[Records excerpted from a collection]
####################

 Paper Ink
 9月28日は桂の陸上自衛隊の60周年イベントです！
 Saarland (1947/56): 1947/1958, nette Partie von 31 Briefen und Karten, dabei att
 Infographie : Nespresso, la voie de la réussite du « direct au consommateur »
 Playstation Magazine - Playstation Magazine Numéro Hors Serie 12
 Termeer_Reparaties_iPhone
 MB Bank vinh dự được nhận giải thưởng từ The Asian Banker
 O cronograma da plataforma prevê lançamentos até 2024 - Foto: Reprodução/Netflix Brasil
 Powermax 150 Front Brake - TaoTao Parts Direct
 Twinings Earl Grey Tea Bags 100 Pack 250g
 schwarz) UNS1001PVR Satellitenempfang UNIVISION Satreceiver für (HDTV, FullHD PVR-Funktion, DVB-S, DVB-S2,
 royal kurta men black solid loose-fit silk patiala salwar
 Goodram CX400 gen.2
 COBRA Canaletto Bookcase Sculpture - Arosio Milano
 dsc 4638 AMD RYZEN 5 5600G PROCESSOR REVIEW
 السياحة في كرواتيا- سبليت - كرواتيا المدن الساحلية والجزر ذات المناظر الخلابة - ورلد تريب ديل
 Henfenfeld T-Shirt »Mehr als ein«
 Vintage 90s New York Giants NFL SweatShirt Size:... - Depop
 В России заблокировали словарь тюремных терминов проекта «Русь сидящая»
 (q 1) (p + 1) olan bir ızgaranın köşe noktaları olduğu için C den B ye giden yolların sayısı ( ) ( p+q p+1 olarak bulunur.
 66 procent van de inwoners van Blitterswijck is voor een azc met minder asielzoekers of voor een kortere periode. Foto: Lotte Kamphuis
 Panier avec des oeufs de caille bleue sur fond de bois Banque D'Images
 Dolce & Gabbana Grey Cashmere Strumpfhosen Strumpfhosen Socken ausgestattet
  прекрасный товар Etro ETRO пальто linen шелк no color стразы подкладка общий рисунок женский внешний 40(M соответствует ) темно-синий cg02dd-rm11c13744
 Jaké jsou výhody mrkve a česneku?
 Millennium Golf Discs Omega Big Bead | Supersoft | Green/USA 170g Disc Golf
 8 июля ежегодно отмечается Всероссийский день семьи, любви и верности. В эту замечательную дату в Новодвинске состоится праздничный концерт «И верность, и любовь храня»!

####################

> [TASK REQUIREMENTS]: Could you write out, exactly as they stand, only the lines above that begin at the line with "O cronograma da" and stop after the line with "Panier avec des"?

> [ANSWER BELOW]:
 O cronograma da plataforma prevê lançamentos até 2024 - Foto: Reprodução/Netflix Brasil
 Powermax 150 Front Brake - TaoTao Parts Direct
 Twinings Earl Grey Tea Bags 100 Pack 250g
 schwarz) UNS1001PVR Satellitenempfang UNIVISION Satreceiver für (HDTV, FullHD PVR-Funktion, DVB-S, DVB-S2,
 royal kurta men black solid loose-fit silk patiala salwar
 Goodram CX400 gen.2
 COBRA Canaletto Bookcase Sculpture - Arosio Milano
 dsc 4638 AMD RYZEN 5 5600G PROCESSOR REVIEW
 السياحة في كرواتيا- سبليت - كرواتيا المدن الساحلية والجزر ذات المناظر الخلابة - ورلد تريب ديل
 Henfenfeld T-Shirt »Mehr als ein«
 Vintage 90s New York Giants NFL SweatShirt Size:... - Depop
 В России заблокировали словарь тюремных терминов проекта «Русь сидящая»
 (q 1) (p + 1) olan bir ızgaranın köşe noktaları olduğu için C den B ye giden yolların sayısı ( ) ( p+q p+1 olarak bulunur.
 66 procent van de inwoners van Blitterswijck is voor een azc met minder asielzoekers of voor een kortere periode. Foto: Lotte Kamphuis
 Panier avec des oeufs de caille bleue sur fond de bois Banque D'Images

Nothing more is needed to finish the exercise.